What does a word mean to a computer? What about an image or an audio file? To put it simply, nothing. A computer circuit can only process signals that contain two voltage levels or states, similar to an on-off switch. This representation is the well-known binary system where every quantity is expressed as a sequence of 1s (high voltage) and 0s (low voltage). For example, the number 1001 in binary is 9 in decimal (the numerical system humans employ). Computers utilize this representation to encode the pixels of an image, the samples of an audio file, a word, and much more, as illustrated in Figure 2.3:

Figure 2.3 – Image pixels, audio samples, and words represented with numbers

Figure 2.3 – Image pixels, audio samples, and words represented with numbers

Based on this representation, our computers can make sense of the data and process it the way we wish, such as by rendering an image on the screen, playing an audio track, or translating an input sentence into another language. As the book focuses on text, we will learn about the standard approaches for representing words in a piece of text data. More advanced techniques are a subject in the subsequent chapters.

Using label encoding

In ML problems, there are various ways to represent words; label encoding is the simplest form. For example, consider this quote from Aristotle: a friend to all is a friend to none.
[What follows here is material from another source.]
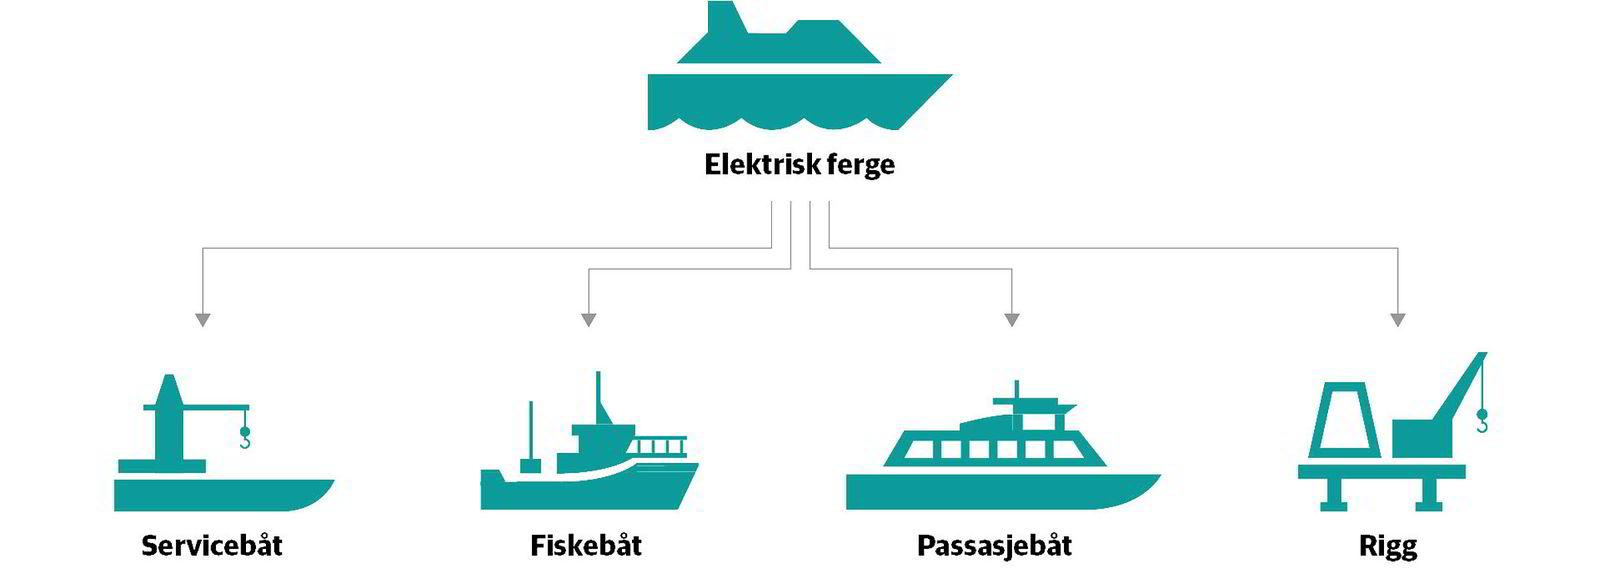 Når fergebatteriene er testet ut, er det lite i veien for å bruke motor-innovasjonen i andre deler av skipsflåten.

Using the label-encoding scheme and a dictionary with words to indices (a:0, all:1, friend:2, is:3, none:4, to:5), we can produce the mapping shown in Table 2.2:

Table 2.2 – An example of using label encoding

Table 2.2 – An example of using label encoding

We observe that a numerical sequence replaces the words in the sentence. For example, the word friend maps to the number 2. In Python, we can use the LabelEncoder class from the sklearn module and feed it with the quote from Aristotle:

from sklearn.preprocessing import LabelEncoder
# Create the label encoder and fit it with data.
labelencoder = LabelEncoder()["a", "all", "friend", "is", "none", "to"])
# Transform an input sentence.
x = labelencoder.transform(["a", "friend", "to", "all", "is", "a", "friend", "to", "none"])
>> [0 2 5 1 3 0 2 5 4]

The output is the same array as the one in Table 2.2. There is a caveat, however. When an ML algorithm uses this representation, it implicitly considers and tries to exploit some kind of order among the words, for example, a<friend<to (because 0 < 2 < 5). This order does not exist in reality. On the other hand, label encoding is appropriate if there is an ordinal association between the words. For example, the good, better, and best triplet can be encoded as 1, 2, and 3, respectively. Another example is online surveys, where we frequently use categorical variables with predefined values for each question, such as disagree=-1, neutral=0, and agree=+1. In these cases, label encoding can be more appropriate, as the associations good<better<best and disagree<neutral<agree make sense.

Using one-hot encoding

Another well-known word representation technique is one-hot encoding, which codifies every word as a vector with zeros and a single one. Notice that the position of the one uniquely identifies a specific word; consequently, no two words exist with the same one-hot vector. Table 2.3 shows an example of this representation using the previous input sentence from Aristotle:

Table 2.3 – An example of using one-hot encoding

Table 2.3 – An example of using one-hot encoding

Observe that the first column in the table includes all unique words. The word friend appears at position 3, so its one-hot vector is [0, 0, 1, 0, 0, 0]. The more unique words in a dataset, the longer the vectors are because they depend on the vocabulary size.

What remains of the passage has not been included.